Not to be outdone, Lieutenant Tarpataki (Iván Darvas) tells an anecdote about an arbitrary arrest and detention procedure in which market sellers were rounded up, vetted by one of their customers, and the ones she didn’t recognise were taken away and presumably killed: he claims he regrets his passivity in the face of clear breaches of military convention. He also plays down the explosions on the ice, claiming that there are plenty of legitimate reasons for making holes. Ensign Pozdor (Tibor Szlyági) is obsessed with where the death statistics came from - 3,309 alleged victims, but who counted them?
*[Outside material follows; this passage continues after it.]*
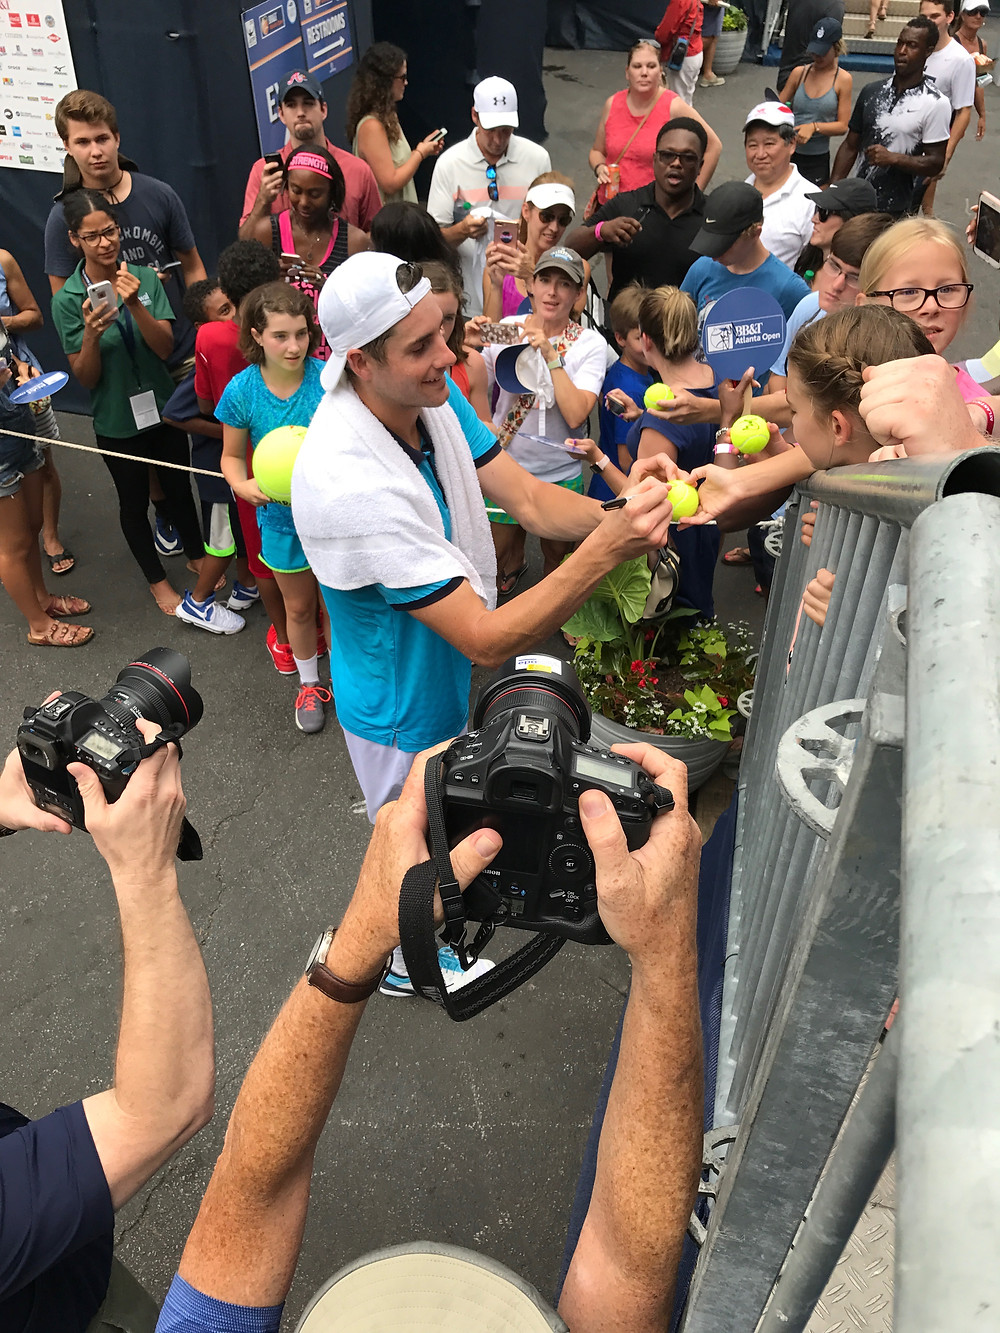 John Isner signing tennis balls after a win at the BB&T Atlanta Open

And how could they accurately say that 299 were “of advanced age”? At one point, when confronted with increasingly clear evidence of his own guilt, Pozdor seeks to play it down by saying that it’s wrong for him to have been singled out, since everyone in his unit was just as guilty of committing atrocities. By reducing the victims to mere numbers, he’s cynically (or possibly unconsciously) diminishing their status as human beings.

Throughout their testimonies, blame is firmly placed on General Feketehalmy-Czeydner and Colonel Grassy, the former given to patriotic rabble-rousing (”I shall not abide cowardice! More zeal! More fighting spirit!”), the latter favouring largely indiscriminate slaughter: at one point, Grassy orders an entire group of suspects to be killed because the forty partisans he’s after are presumably among them. To sidestep justified suspicions that they’re crudely opting for the (concurrent) Nuremberg defence that only the people giving the orders were to blame, the conveniently dead Corporal Dorner (István Avar) becomes the primary scapegoat, being shown drunkenly killing an innocent (Jewish) electrician and his son. Grassi allegedly refuses to take any action, telling Büky that when Germans are invading, concern for individual Jews is misplaced, and that punishing men for trivial infractions would demoralise them.

It’s the fourth and most militarily junior cellmate, Corporal Szabó, who is the most honest, presumably because he lacks either the authority or the political nous to transfer blame. Also, as an underling, he was compelled to participate in the massacre because the alternative would have been near-certain death for himself. While he also uses the “only obeying orders” defence, he knows that it has much more justification in his case, and can therefore go into the kind of detail that his colleagues have been deliberately shying away from - in the process revealing information about the near-certain fate of Büky’s wife that causes Büky’s previously controlled, quasi-aristocratic demeanour to suddenly vanish. This explosion of violent rage is doubly revealing, simultaneously exposing Büky’s total selfishness (having previously regarded the fate of thousands with something close to equanimity) and demonstrating how even someone as outwardly quiet, bookish and ‘civilised’ as him can be goaded into committing atrocities given a convincing enough excuse.

Unlike Zoltán Fábri’s near-contemporaneous Twenty Hours (Húsz óra, 1965), where the portrait gradually assembled by the flashbacks indicated a community of sharply divergent views and opinions, here Kovács uses four very different testimonies to paint what is ultimately a wholly coherent picture of the same event, with each man bearing equal moral guilt for what happened - if they weren’t actual participants, like Szabó, they could have taken some kind of action to stop or minimise it. The film’s dominant message (expressed unusually bluntly by the elliptical standards of mid-1960s Hungarian cinema), that for evil to triumph it is necessary for good men to do nothing, could just as easily be transferred to any number of contentious political and military situations. Kovács was clearly challenging his Hungarian audience to think about this and similar events, many of which would have happened well within the lifetimes of a mid-1960s audience.